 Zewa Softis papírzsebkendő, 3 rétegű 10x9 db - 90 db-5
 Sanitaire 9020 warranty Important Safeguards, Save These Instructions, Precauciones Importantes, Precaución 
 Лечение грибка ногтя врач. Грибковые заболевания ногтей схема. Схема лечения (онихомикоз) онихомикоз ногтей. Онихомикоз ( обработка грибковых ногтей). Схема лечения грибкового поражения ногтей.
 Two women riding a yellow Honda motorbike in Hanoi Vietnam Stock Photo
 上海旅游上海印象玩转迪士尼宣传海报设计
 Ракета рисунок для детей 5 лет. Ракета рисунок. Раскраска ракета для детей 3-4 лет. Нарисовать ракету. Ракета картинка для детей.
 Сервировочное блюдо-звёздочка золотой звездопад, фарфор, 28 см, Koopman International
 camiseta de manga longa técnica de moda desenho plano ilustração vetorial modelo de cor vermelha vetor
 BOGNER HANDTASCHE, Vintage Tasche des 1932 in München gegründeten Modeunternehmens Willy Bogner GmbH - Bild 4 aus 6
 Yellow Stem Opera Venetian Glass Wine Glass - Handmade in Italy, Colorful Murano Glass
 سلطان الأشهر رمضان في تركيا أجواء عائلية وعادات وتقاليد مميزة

•••••

# Your instructions
Taking the entries above, write out exactly the lines starting with the line containing "camiseta de manga" and going on through the line containing "BOGNER HANDTASCHE, Vintage", both included, and nothing else.

# Finished task
 camiseta de manga longa técnica de moda desenho plano ilustração vetorial modelo de cor vermelha vetor
 BOGNER HANDTASCHE, Vintage Tasche des 1932 in München gegründeten Modeunternehmens Willy Bogner GmbH - Bild 4 aus 6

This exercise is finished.